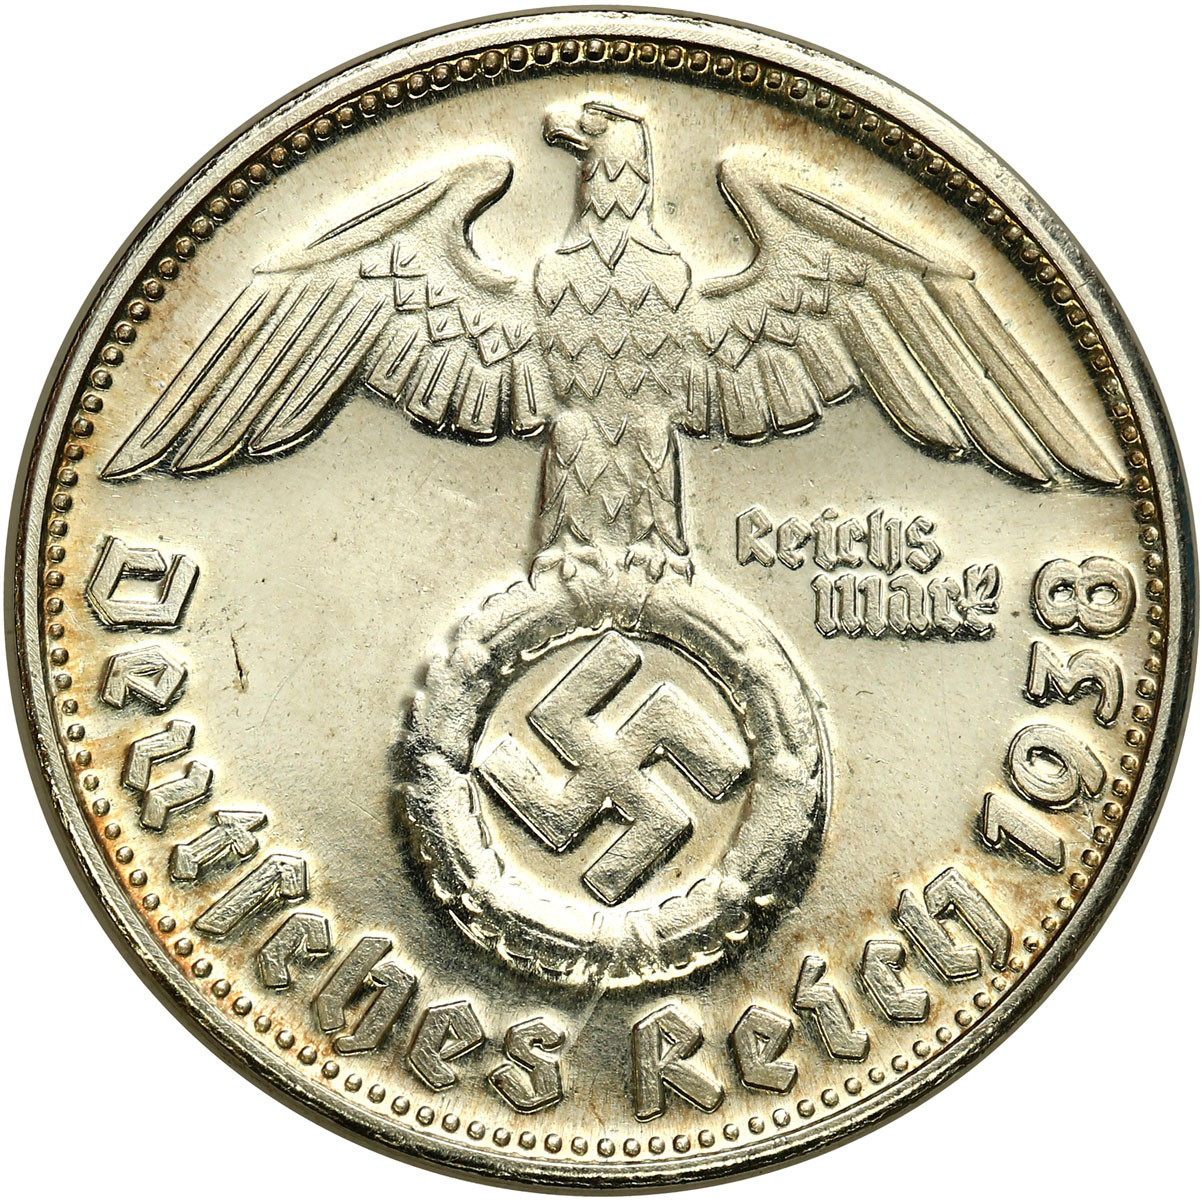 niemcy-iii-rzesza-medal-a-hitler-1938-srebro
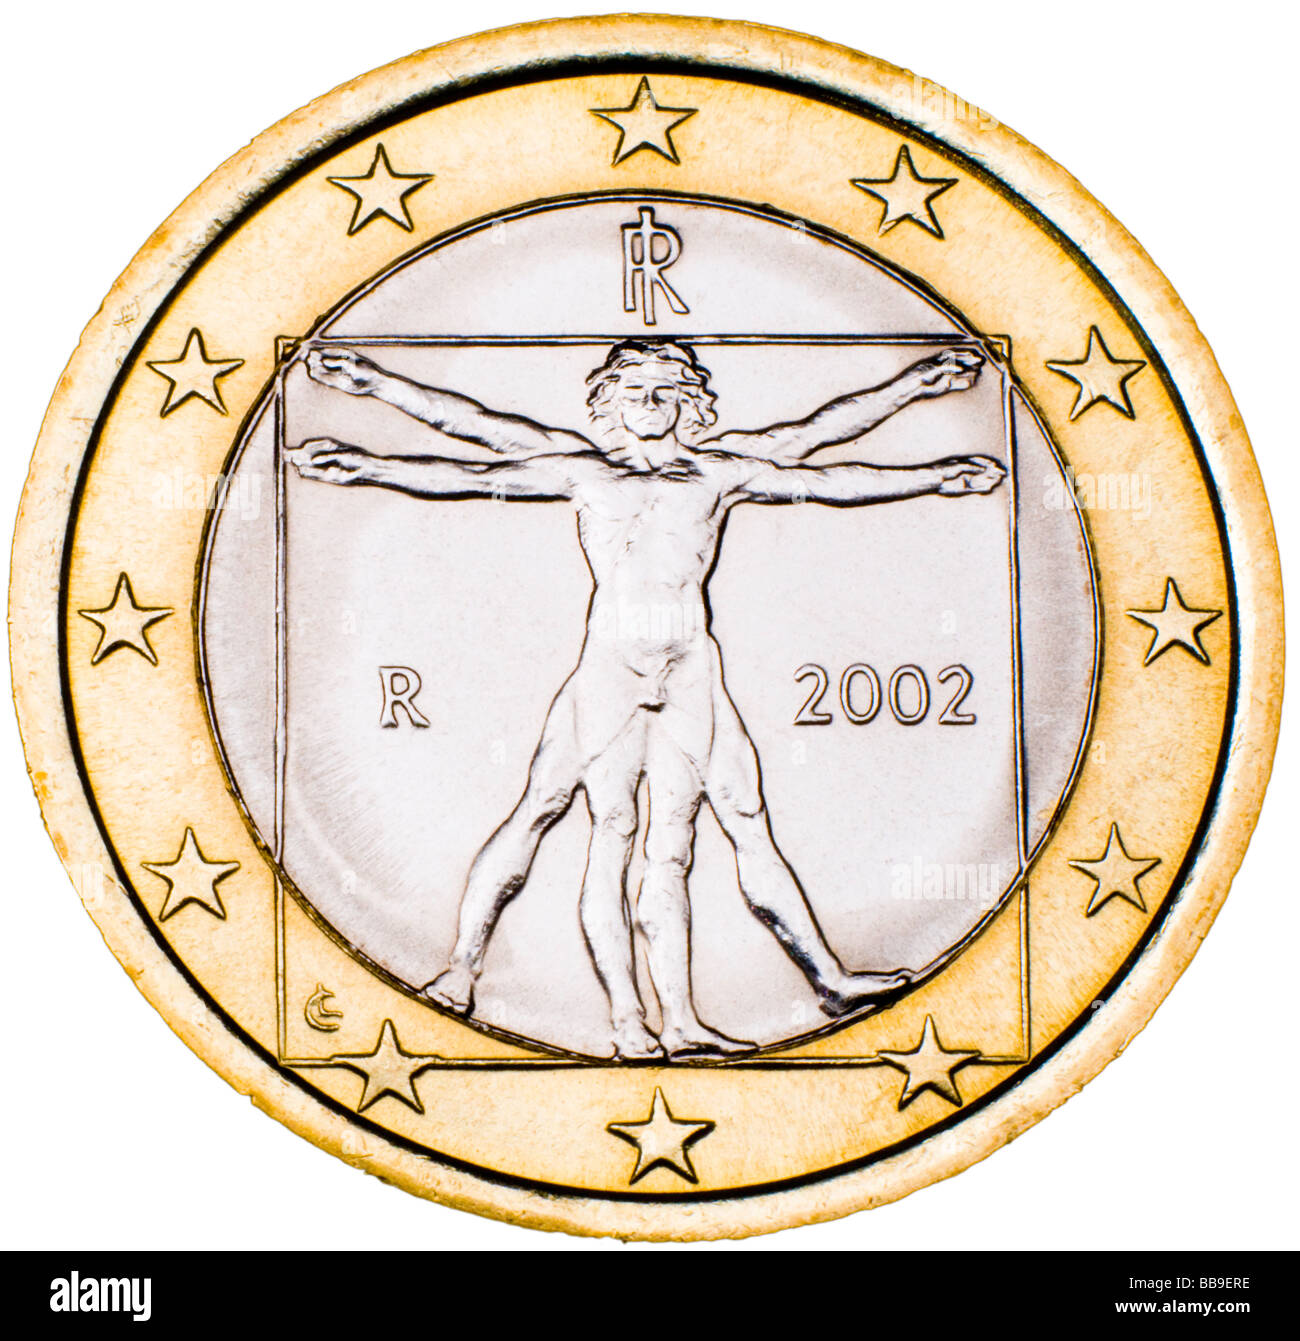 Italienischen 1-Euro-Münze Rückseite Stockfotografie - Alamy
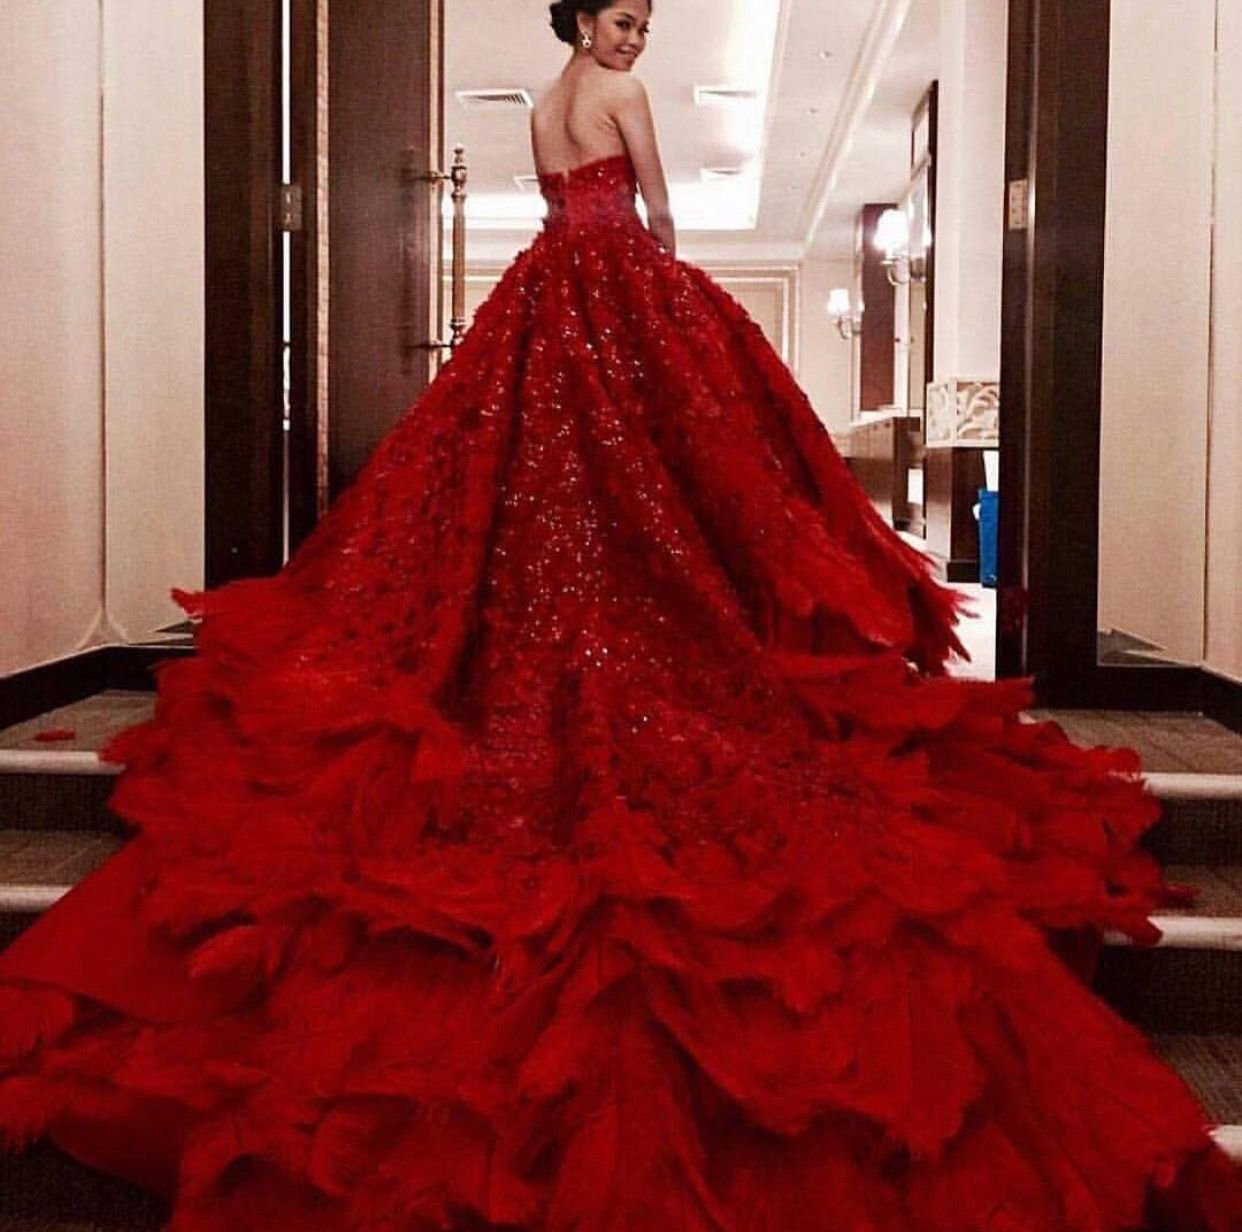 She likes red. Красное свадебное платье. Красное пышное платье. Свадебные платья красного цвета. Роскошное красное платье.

========================================================================

Instructions to follow: Please copy the data shown above, line by line and exactly, omitting the images.

Answer:
 niemcy-iii-rzesza-medal-a-hitler-1938-srebro
 Italienischen 1-Euro-Münze Rückseite Stockfotografie - Alamy
 She likes red. Красное свадебное платье. Красное пышное платье. Свадебные платья красного цвета. Роскошное красное платье.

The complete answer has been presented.